Tuesday, February 28, 2012

On OneBusAway Inaccuracies

(This post is by S. Morris Rose. I'm the engineer that's been hired on a temporary basis to keep the services that power OneBusAway chugging away now that Brian Ferris, the engineer that created it, has moved on to work on transit projects at Google Zurich, though he still pitches in from time to time. The position is funded by contracts with King County Metro, Pierce Transit, and Sound Transit. I've been a technical staff member for Computer Science & Engineering at the University of Washington, where OneBusAway was created, for more than a decade.)
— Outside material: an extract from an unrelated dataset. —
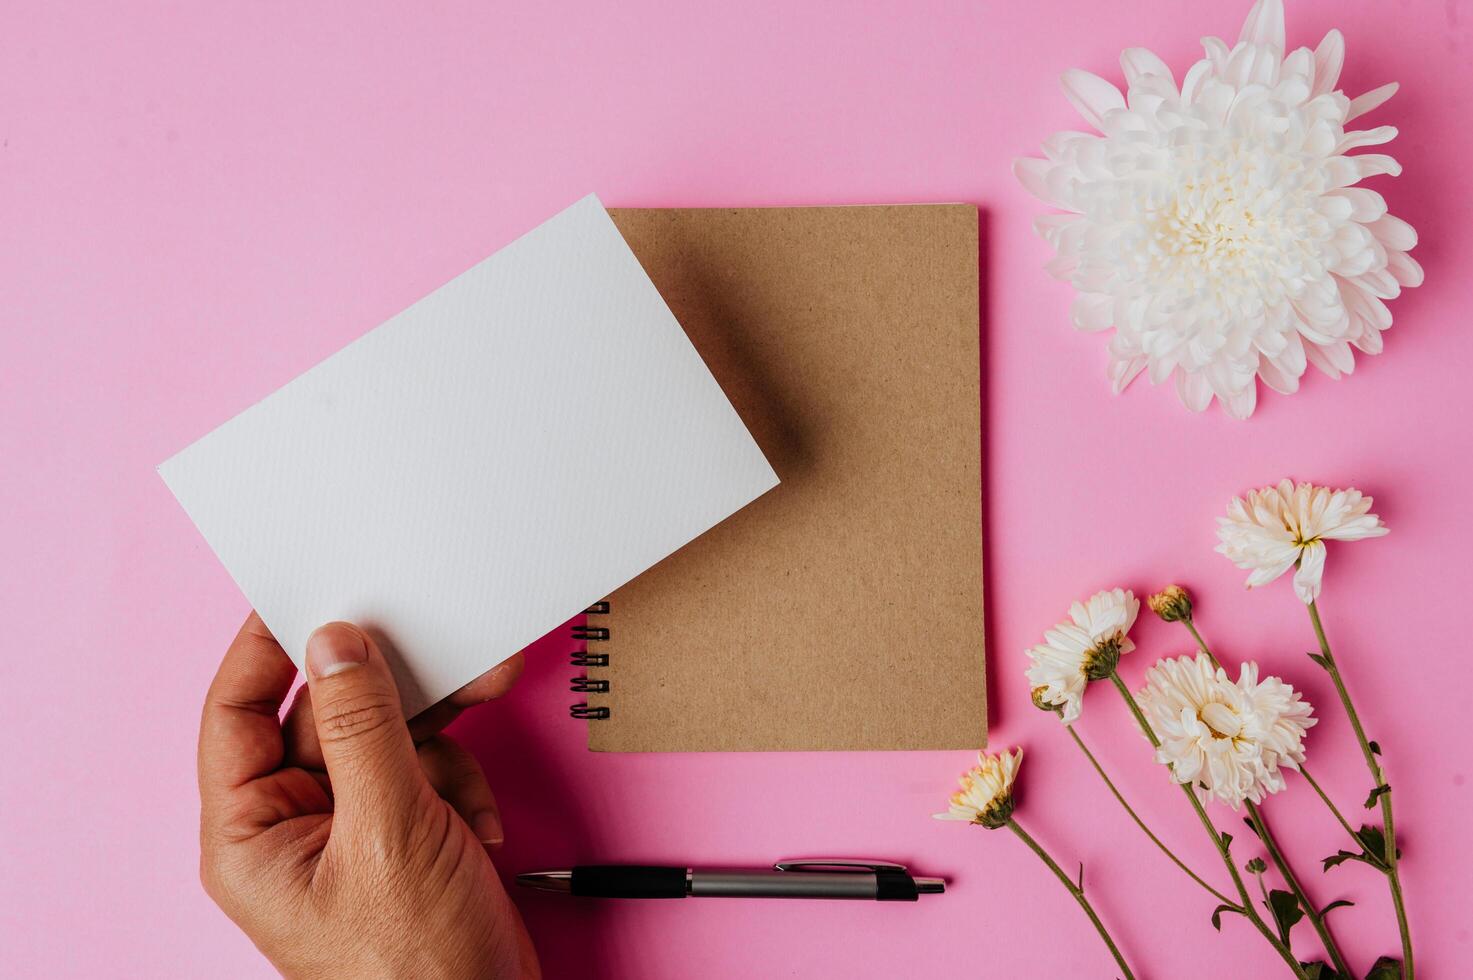 mano que sostiene la tarjeta en blanco, cuaderno, bolígrafo y flor sobre fondo rosa foto

Many users have noticed that sometimes OneBusAway isn't real accurate- it might report a bus is early when it's on time, late when it's early, or display the status labeled, "scheduled departure" (which means that there is no "real time" arrival data available for that trip), or a scheduled trip might simply be missing. In the case of Community Transit (which is not a project funder), the schedule data has simply gone missing. In this post, I'll explain a few of the factors that lead to the errors.

OneBusAway depends upon two types of data to tell you where your bus is: schedule data, which all about where and when the agency plans for each bus to be, and real-time arrival data, which is all about where the bus is right now. Schedule data is updated but several times a year. Real-time arrival data is updated constantly. Pull those two data types together and apply algorithms, and you've got a guess about when your bus will arrive. There can- and are- problems with both data types and with algorithms that lead to false predictions.

In the case of schedule data, various things can go wrong. It can be incomplete, as is the case with the current King County Metro data, it can contain errors, as is the case with all complex datasets, or it can just be missing- as is the case, for now, with Community Transit data. Also, since the data only lands a few times a year, but minor changes are made by agencies along the way- perhaps due to construction- it can be partially stale. And if a trip is canceled or rerouted, such as during a snow emergency, the schedule data can become desperately wrong.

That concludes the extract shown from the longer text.